Let’s say you are a victim of a predatory psychopath, and you reach out to someone you trust for help, the person you trusted goes behind your back and reports your concerns to the psycho. This is the Psycho Cluster. In this scenario, the psychopath has everyone in your circle of influence under his or her control. He or she can easily influence them, convince them that you are psychologically unstable, and he will use them to “deal with you,” all under the guise of “caring about you so much.”
This creates a whirlwind of anti-you influence all around you. Anything you say and do from that point forward in an attempt to expose your psychopath for who he or she really is will not be taken seriously and only makes you look more and more as if you are losing your mind, and chances are, even you will start to question your own sanity, as the people around you try to support you by keeping you sedated and compliant. Because, after all, they are looking out for your best interests, right?
Wrong. They are simply mindless tools doing the bidding of the predatory psychopath. But they have no idea. They are convinced that they are doing the right thing for you. Amidst the Psycho Cluster, your whole world is turned upside down, and you don’t know who to trust. Because that one person you think you can trust might be the one that makes everything even worse.
Now your psychopath knows that you are onto him or her and are looking for a way out, so he or she has no choice but to turn on the heat, initiate the Psycho Cluster, and turn everyone against you.
I can look back, now, and see that early on, in my career as a Christian Counselor, I was duped by individuals who I would now know as psychopathic personalities. And I, with the best of intentions, sent people straight back into the lion’s den and encouraged them to essentially man up and get control of their life. And back then? When I talked about getting control, it wasn’t like I would talk about doing so today. In those early years of my ministry, it meant, “Doing the right thing.”
Whatever is happening in your life serves some greater purpose. Just go along with it, and everything will work out alright.
Doing the right thing meant, sucking it up. Sleeping in the bed that you made for yourself. Keeping your word and commitments regardless of external circumstances. Walking the straight and narrow without regard for self. All under the premise that whatever is happening in your life serves some greater purpose. Just go along with it, and everything will work out alright. Plus, God would never let you find yourself in a situation that you were not already equipped to handle.
“So, buck up buttercup. Get in there and do the right thing, even if it means being a martyr for what you believe in.”
(I was such an idiot back in the day.)
It was like; if Jesus died for you, why wouldn’t you put your own life at risk, even facing the possibility of death for the sake of your spouse, family, or friends while committing acts of selfless servitude?
Today, in a more enlightened therapeutic environment, responses like these would be considered as psycho-ignorant disrespect, potentially blaming the psychopath victim, and detrimental to any hope of successful recovery.

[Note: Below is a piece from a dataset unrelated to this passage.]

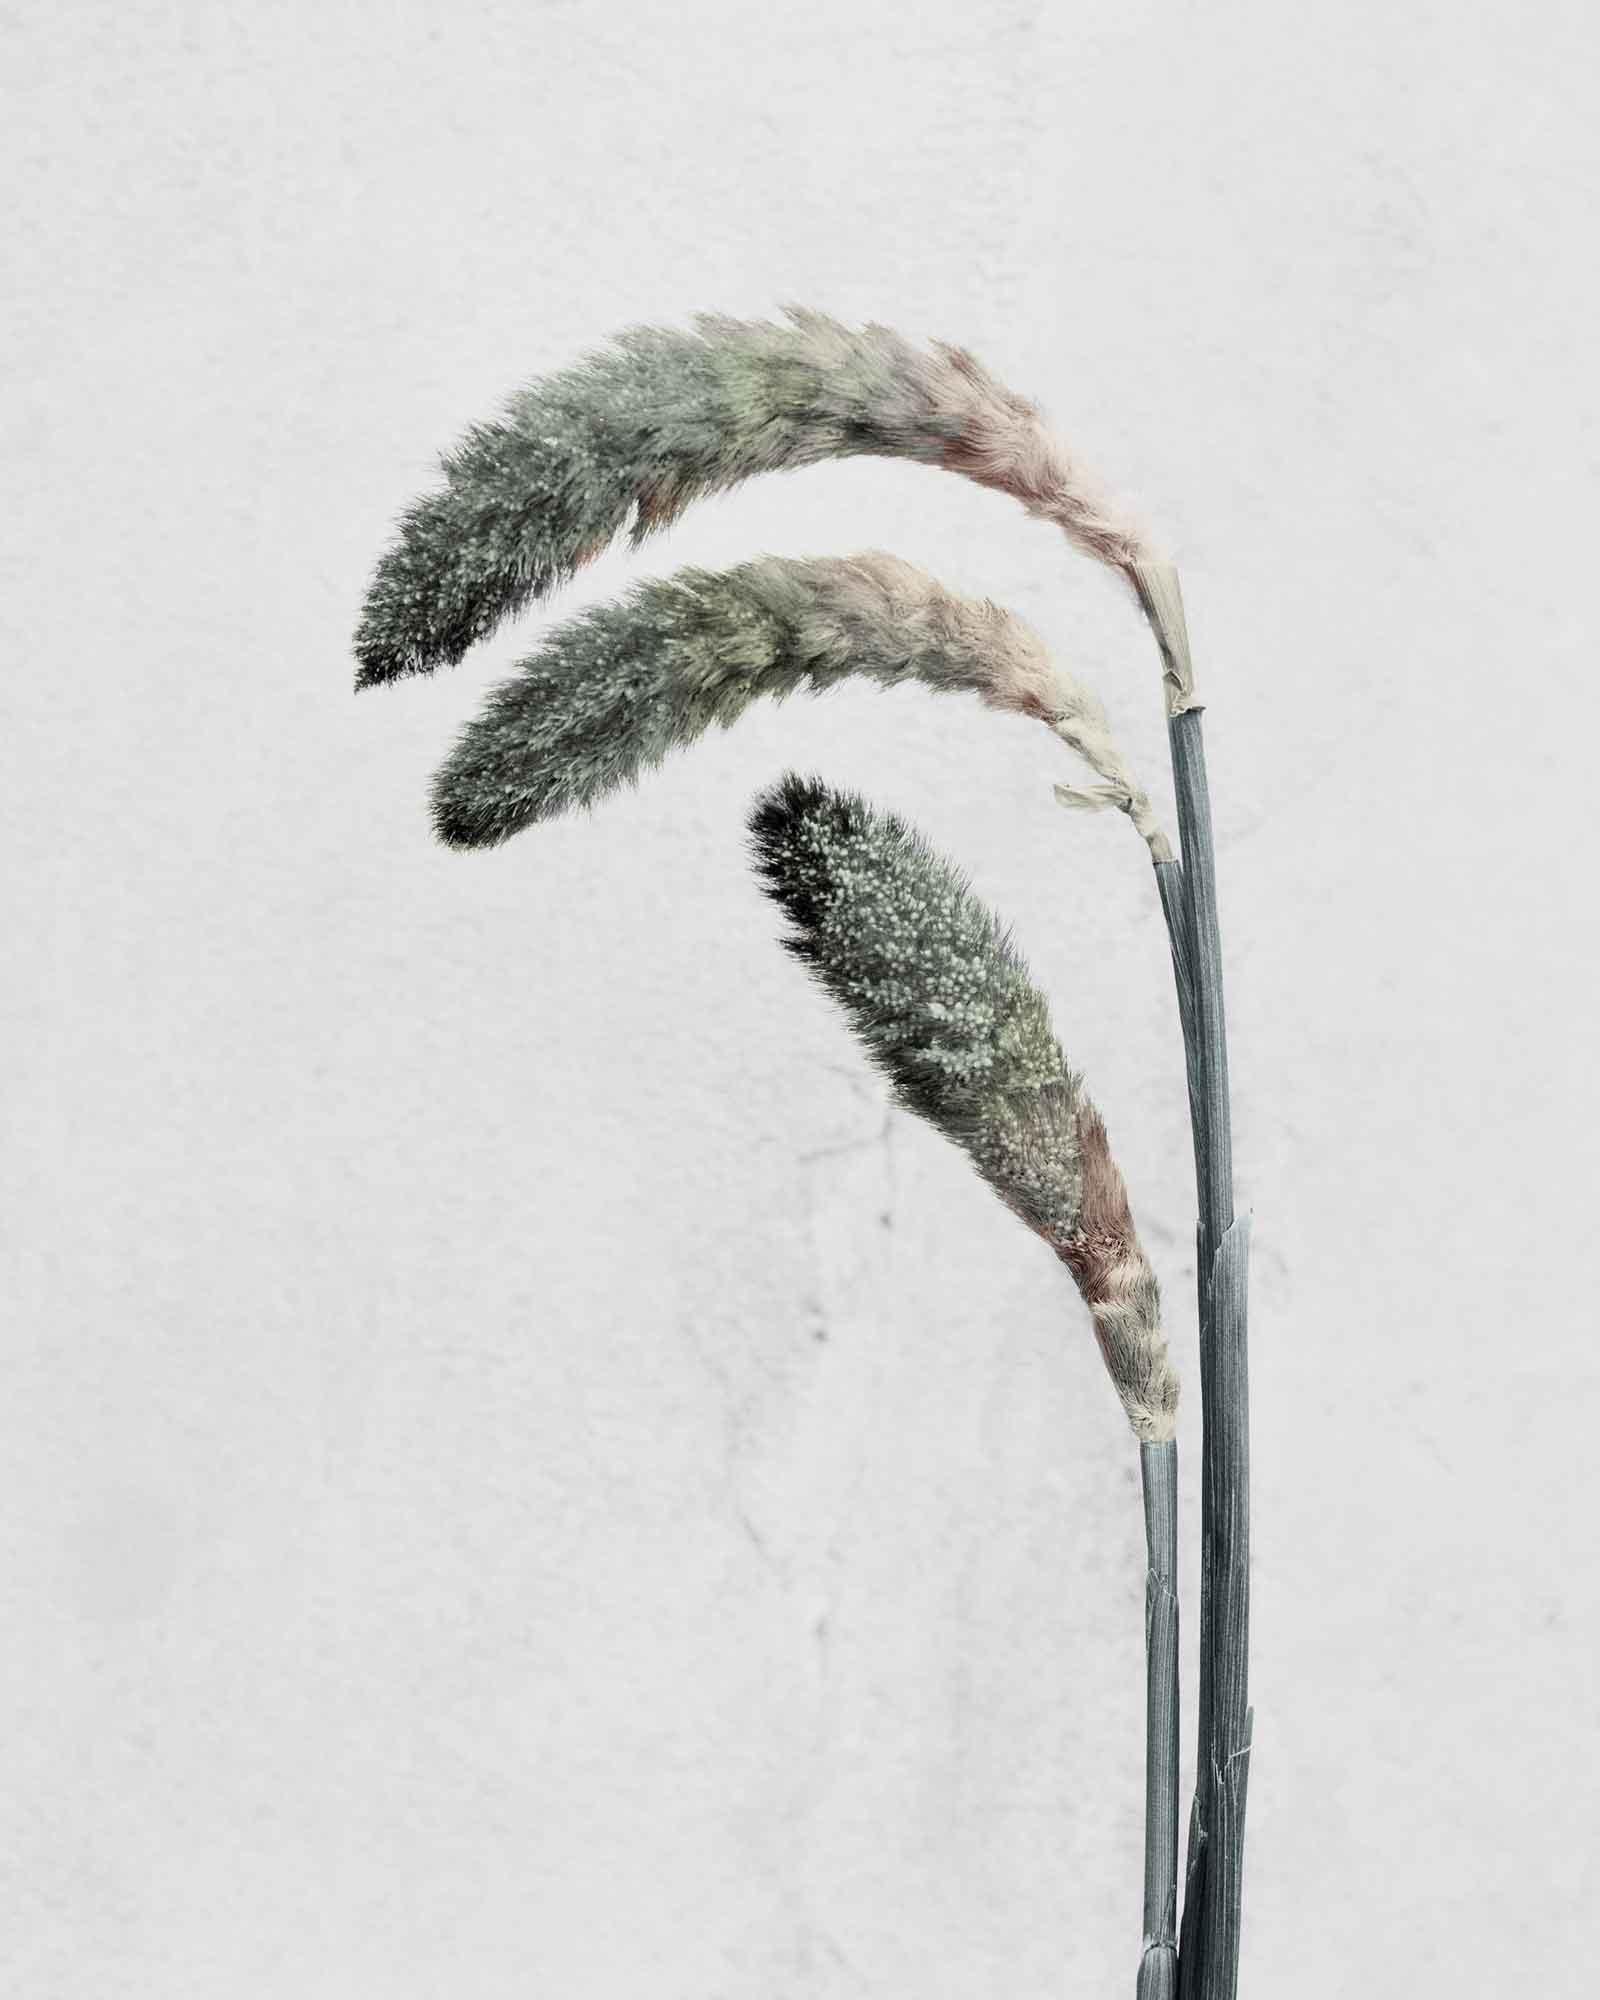 Vee Speers Still-Life Photograph – Botanica #22 (Pennisetum)
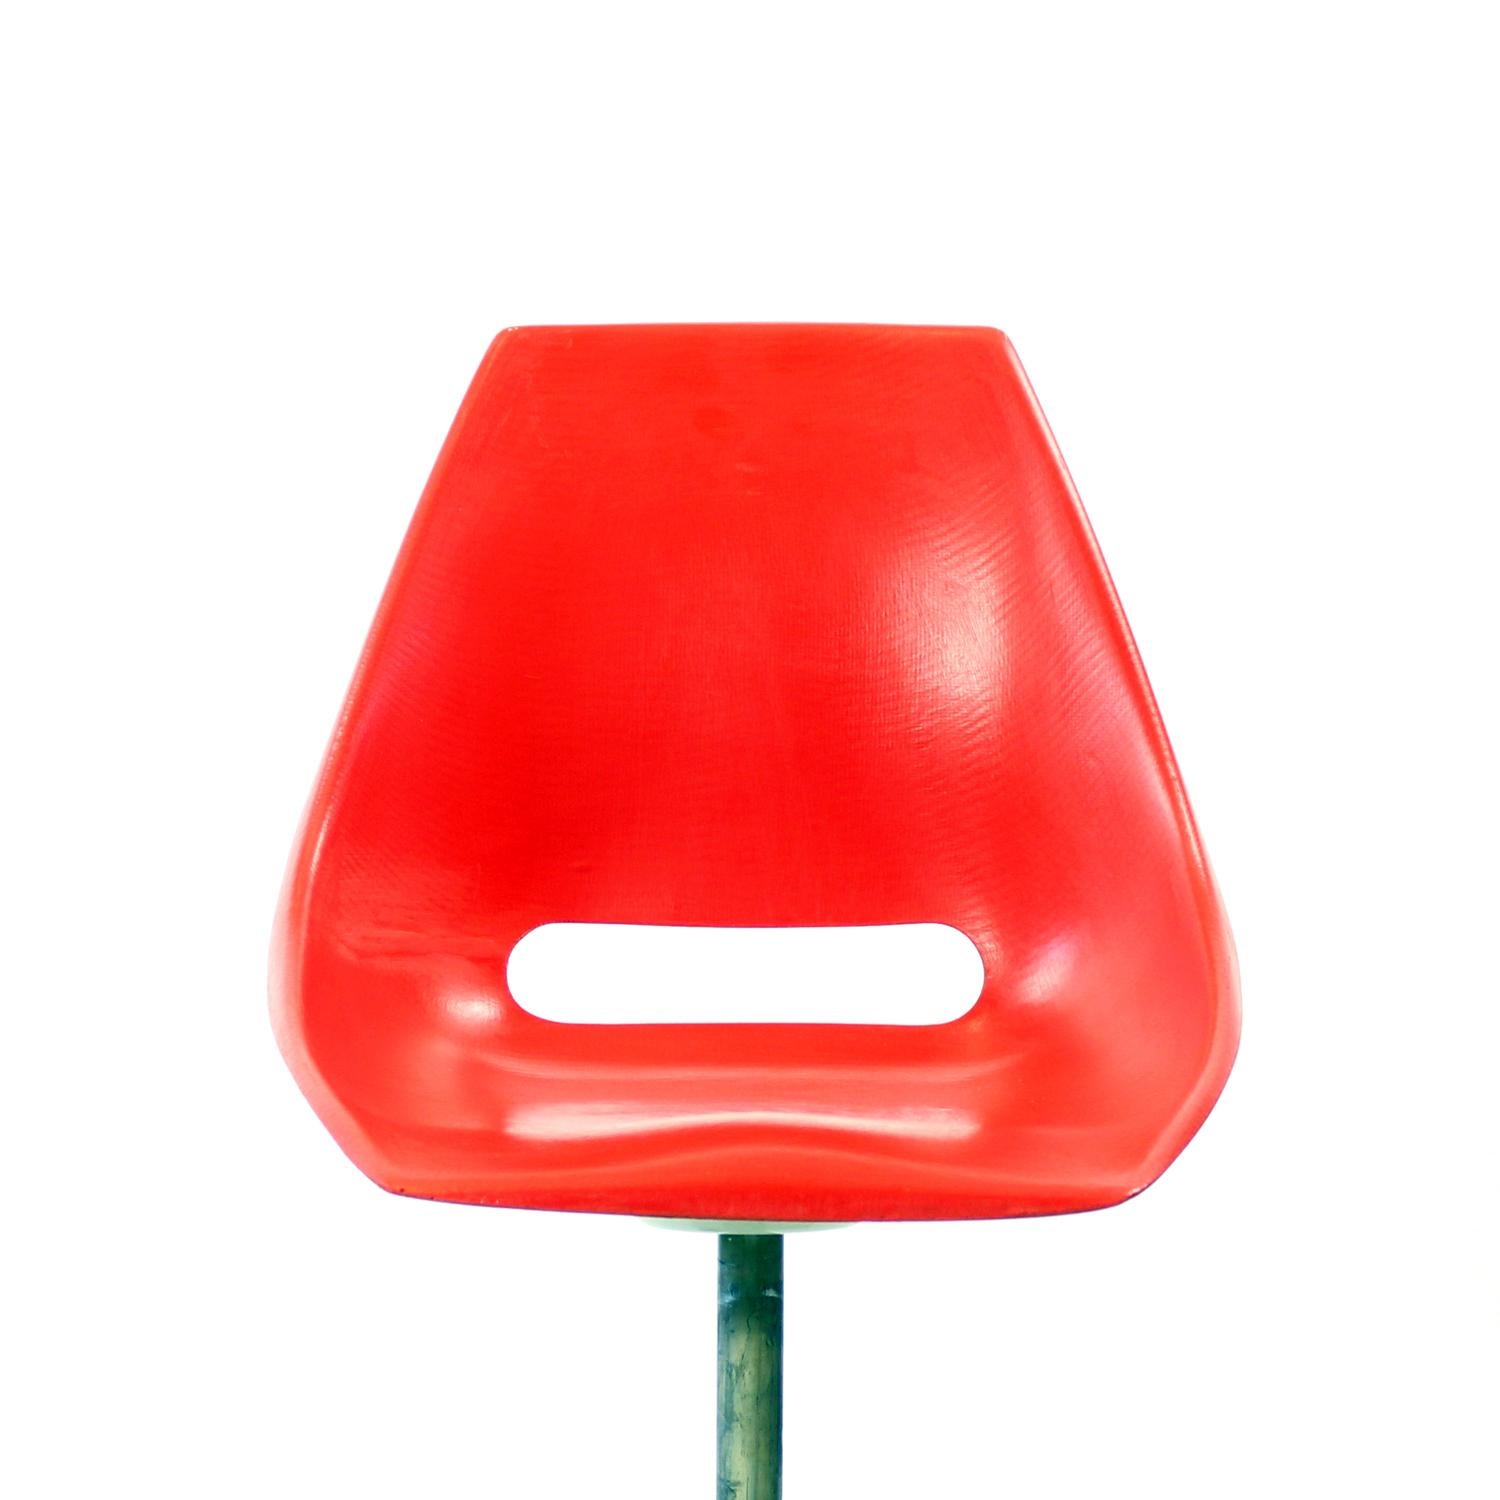 Mid-Century Modern Red Tram Chair By Miroslav Navratil For Vertex, 1960s For Sale

Goodness could be found in anyone.
And back then, I truly believed that all of mankind was basically good. Like goodness could be found in anyone. I had witnessed the redemptive power of God with my own eyes. Previously wicked people and criminals turned their lives around and lived blessed lives, adding value to the community and making the world a better place. People I thought had no hope of redemption.
That was until I met my first psychopath. At that moment, I knew I had been sorely mistaken.
If you think that certain religious orders do not have psychopaths as members and among the leadership. Think again. Psychopaths gravitate to religion because it has built-in manipulation tactics that they can use for their own dark purposes.
It is impossible to know what is going on inside the head of a psychopath.
So, I can see how professionals, doctors, therapists, counselors, and advisors of all types can easily be conned by a skillful predatory psychopath and get drawn into the Psycho Cluster because it happened to me. It could happen to anyone who has no idea that this kind of manipulation tactic is at work behind the scenes. We only know what we know, and it is impossible to know what is going on inside the head of a psychopath.
If you find yourself as the victim of a predatory psychopath who has already spun the Psycho Cluster into motion, then forget to reach out to anyone in your circle of influence. Reach out to someone who is not associated with your private or public life to talk to.
Do not engage in any therapeutic process with your predatory psychopath, and if you are forced to do so, play along. That means, do not speak your truth, guide your heart, do not let your true feelings show, and be looking for someone else who can help guide you in your plan to separate yourself from the psychopathic control, and get you surrounded by a safe and secure environment where you can do the work of healing and recovery from this psychopathic chapter of your life.
A Certified Psychopath Victims Coach will be on the lookout for signs of such a relationship (which is not really a relationship at all) or evidence of Psycho Cluster activity, and even if they have met you in a couples counseling arena, they will help to refer you to someone you can speak to or make other means available to you to reach out for help.